# EXERCISE GOAL
Without the images, print every line of the material below exactly as given.

# RAW DATA

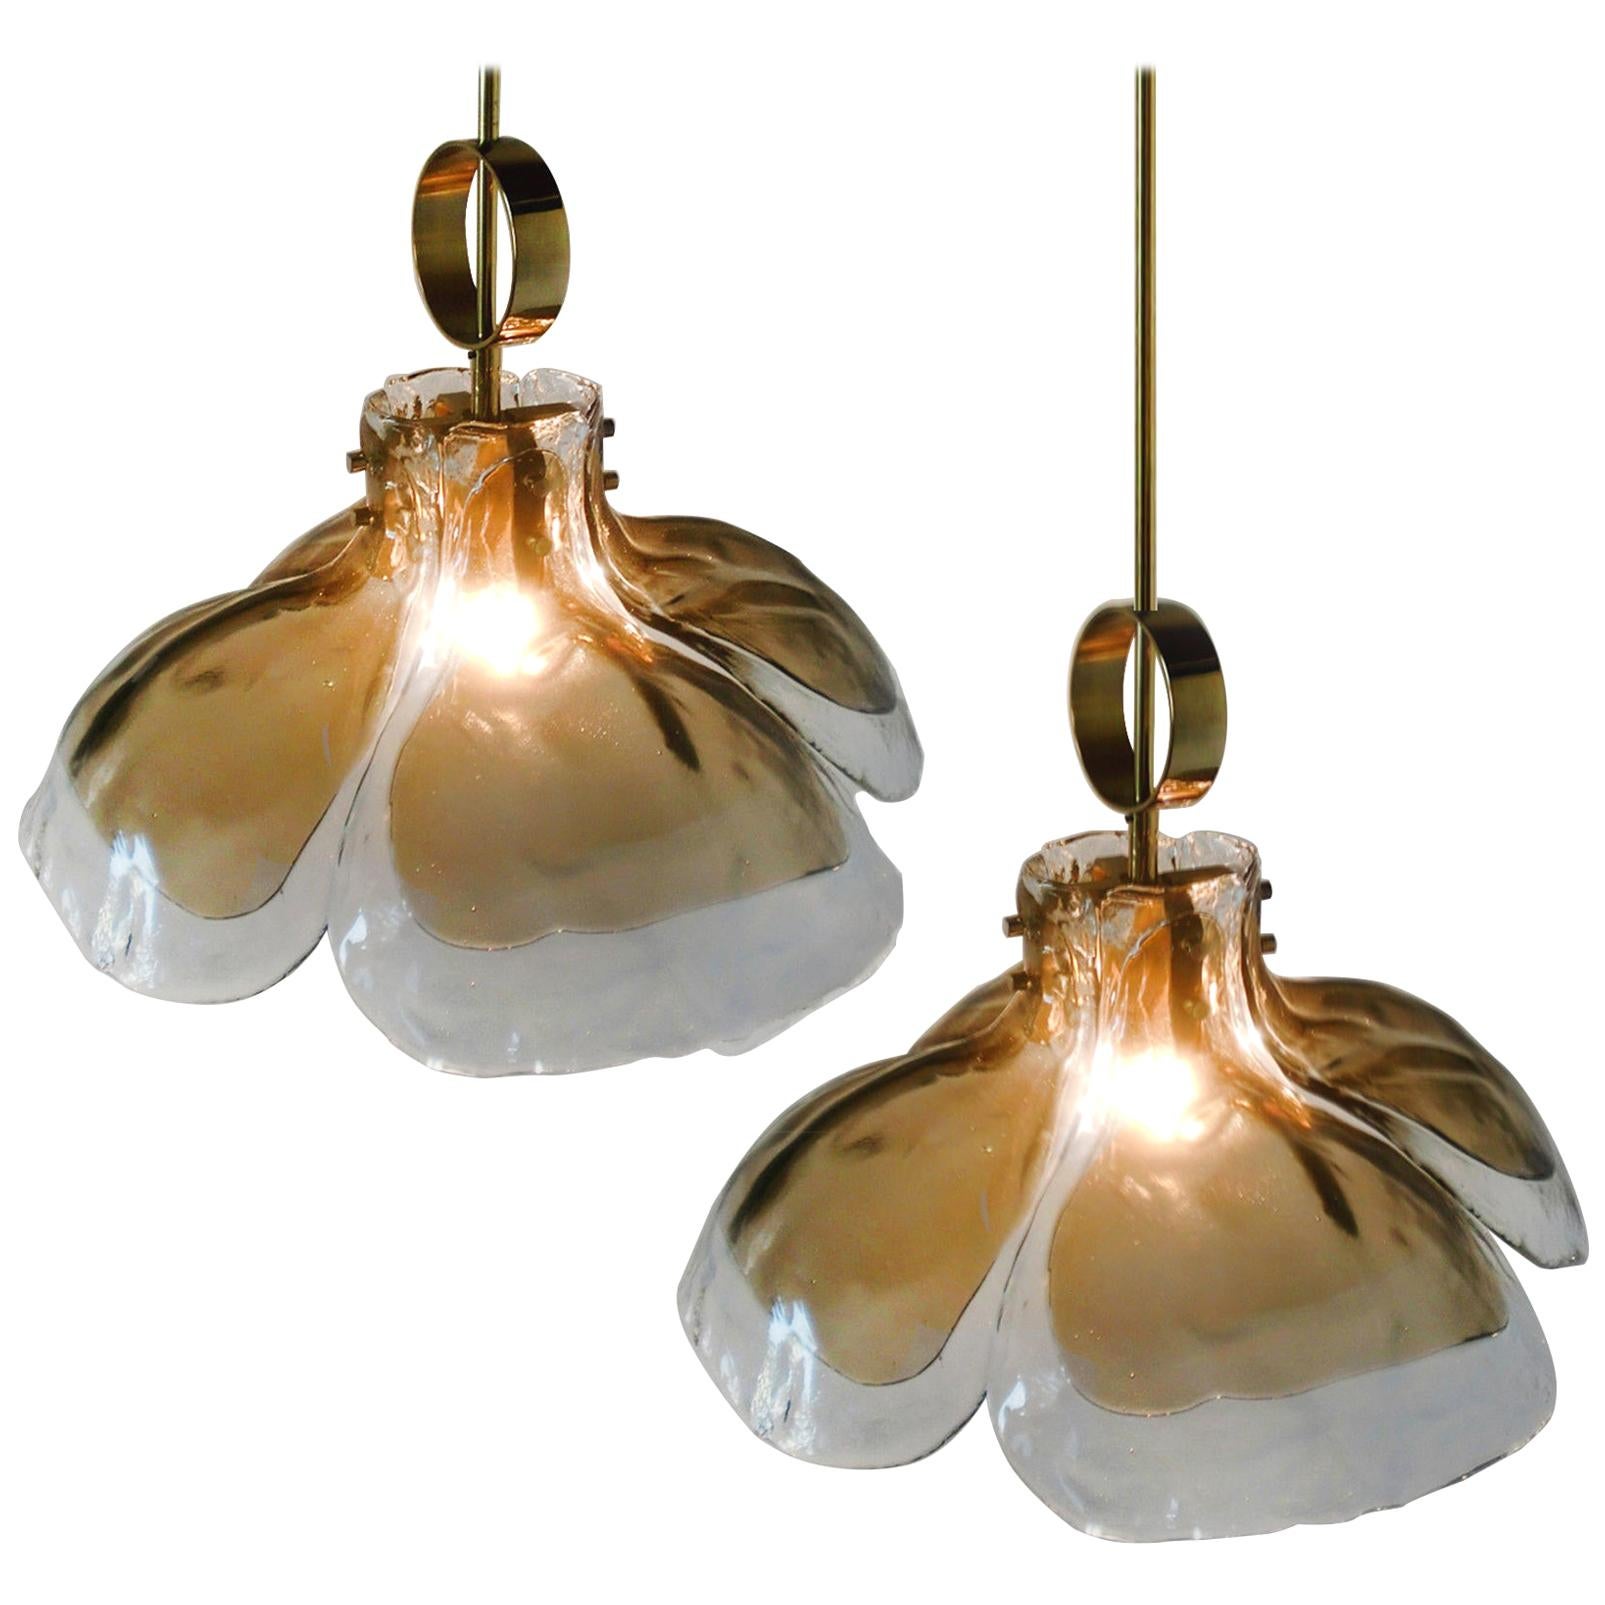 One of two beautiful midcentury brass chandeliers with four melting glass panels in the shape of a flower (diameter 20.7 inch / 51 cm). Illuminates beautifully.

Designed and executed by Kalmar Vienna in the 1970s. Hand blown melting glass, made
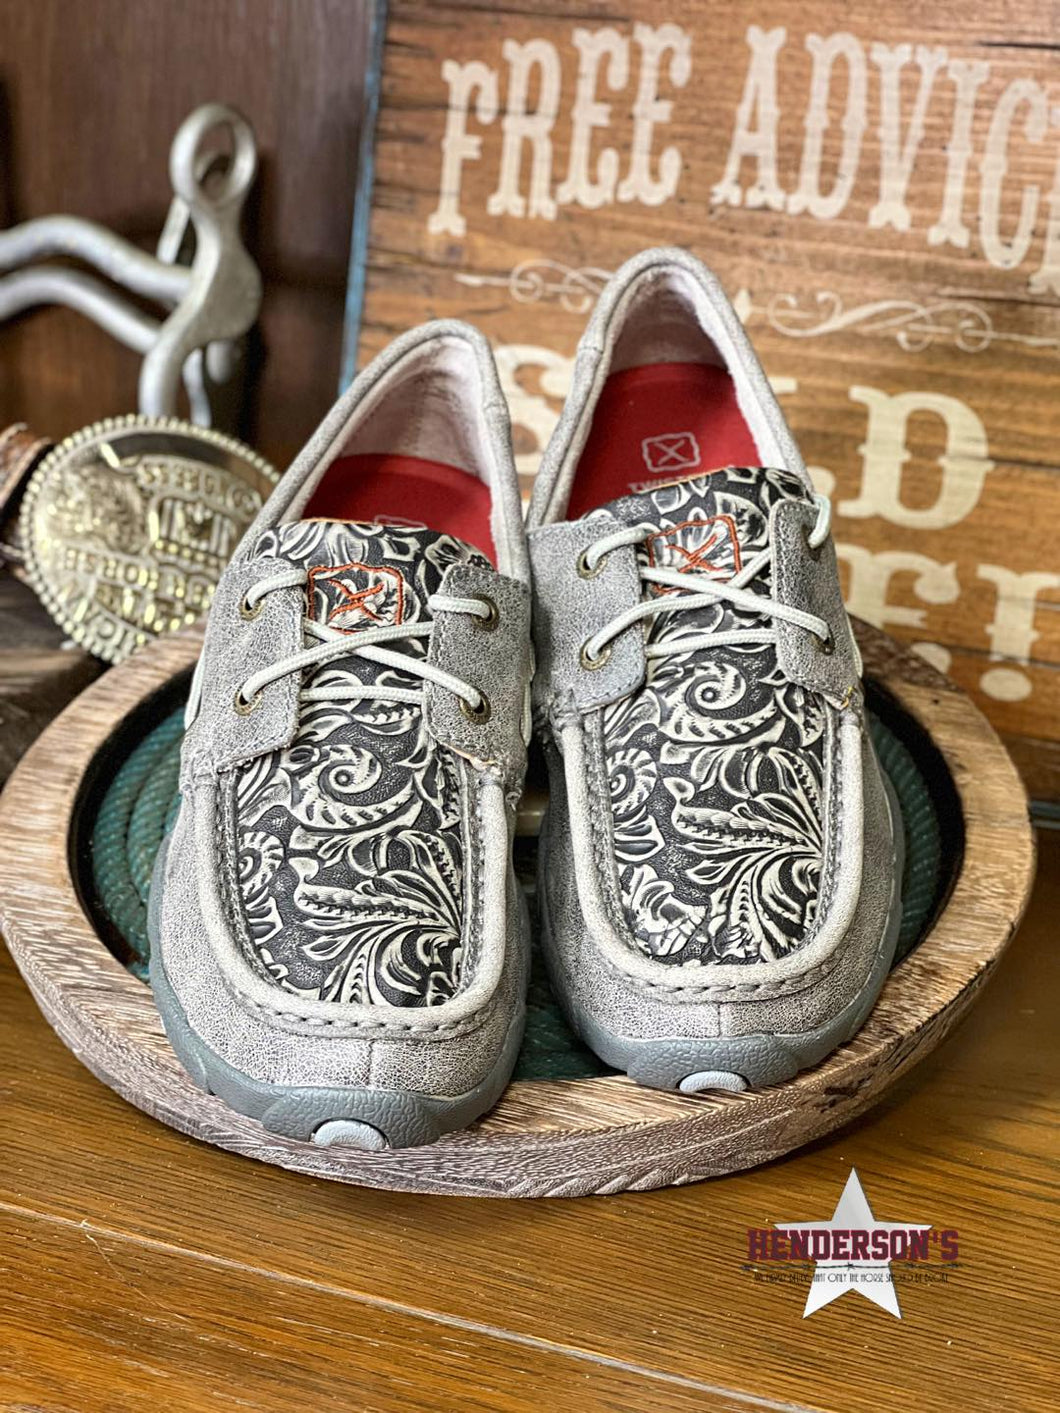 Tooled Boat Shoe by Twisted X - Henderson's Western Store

# EXERCISE RESPONSE
 One of two beautiful midcentury brass chandeliers with four melting glass panels in the shape of a flower (diameter 20.7 inch / 51 cm). Illuminates beautifully.

Designed and executed by Kalmar Vienna in the 1970s. Hand blown melting glass, made
 Tooled Boat Shoe by Twisted X - Henderson's Western Store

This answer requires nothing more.